When Pro is worth waiting for (deep reasoning, long context)
Hold for Pro when the task is genuinely reasoning-bound and latency-tolerant: deep analytical chains, very long context where recall quality matters more than speed, problems where a wrong answer costs more than a slow one. I want to be careful here — I’m describing the intended role of a Pro tier, because I can’t benchmark a model I haven’t run. If Flash already clears your accuracy bar in testing, waiting for Pro buys you nothing but a bigger bill.

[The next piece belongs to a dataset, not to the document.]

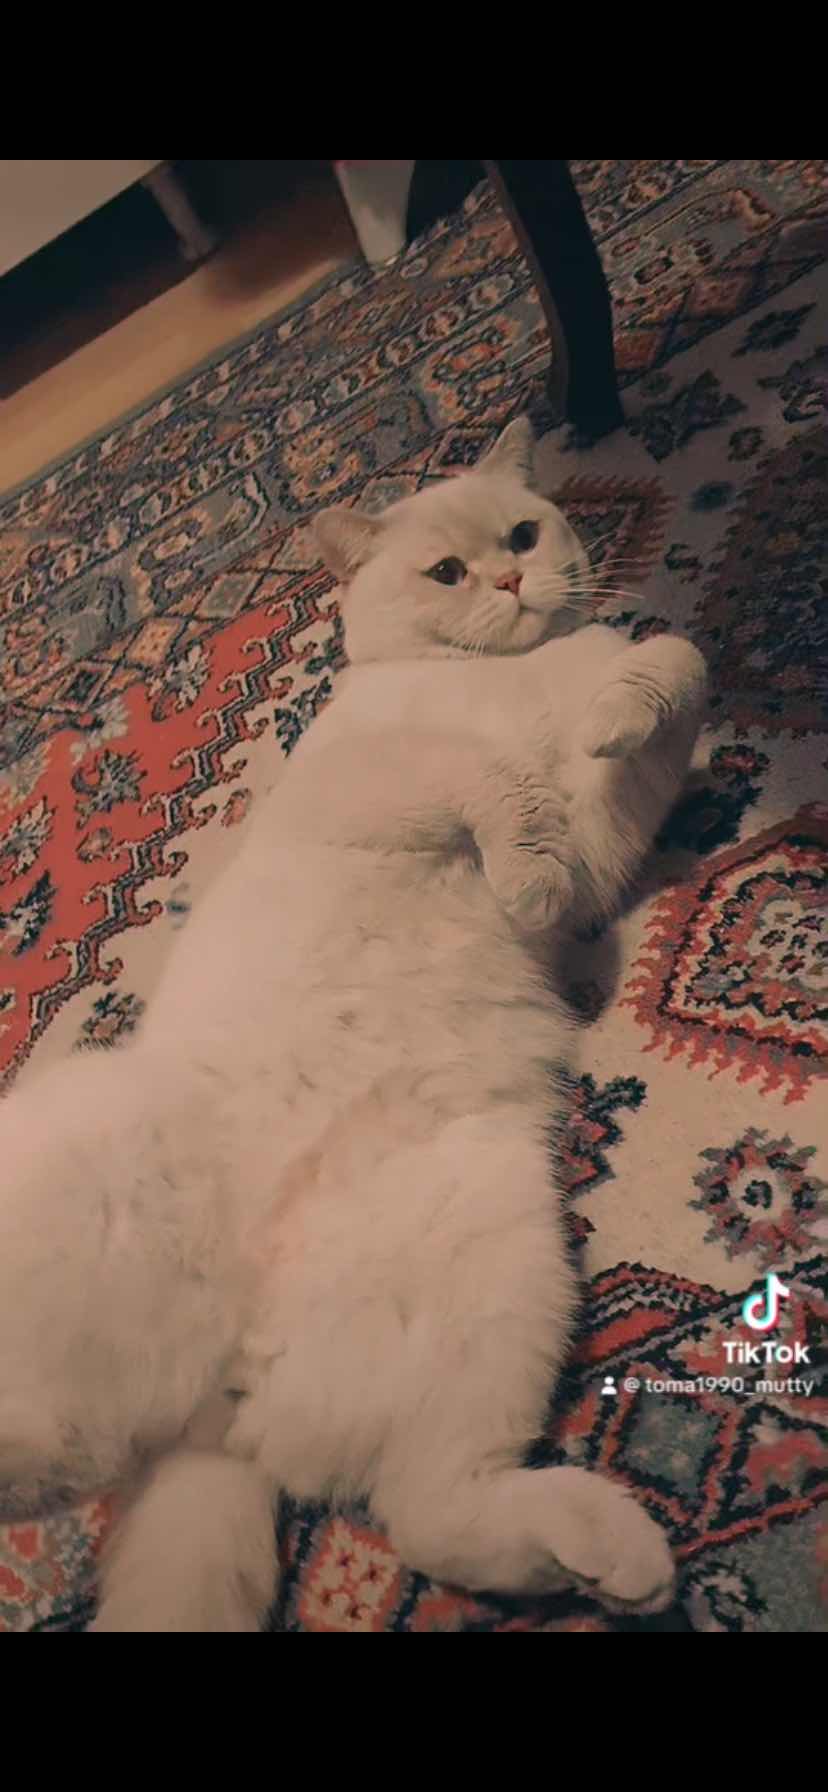  Ankara Çankaya cinsi British scottish kedim kaybolmuş

Fallback patterns across tiers
The pattern I’d build today: default to Flash, keep a cheaper route (Flash-Lite or 2.5 Flash) for extractive and routing tasks, and leave a config slot for Pro you can flip when it lands and after you’ve eval’d it. Don’t hardcode a single model. The 3.5 release just proved the hierarchy can flip in a quarter — your routing layer should treat model choice as a variable, not a constant.
Where Gemini 3.5 fits in a multimodal generation stack
If you’re building anything that touches image or video output, this section is the one that saves you a wrong architecture.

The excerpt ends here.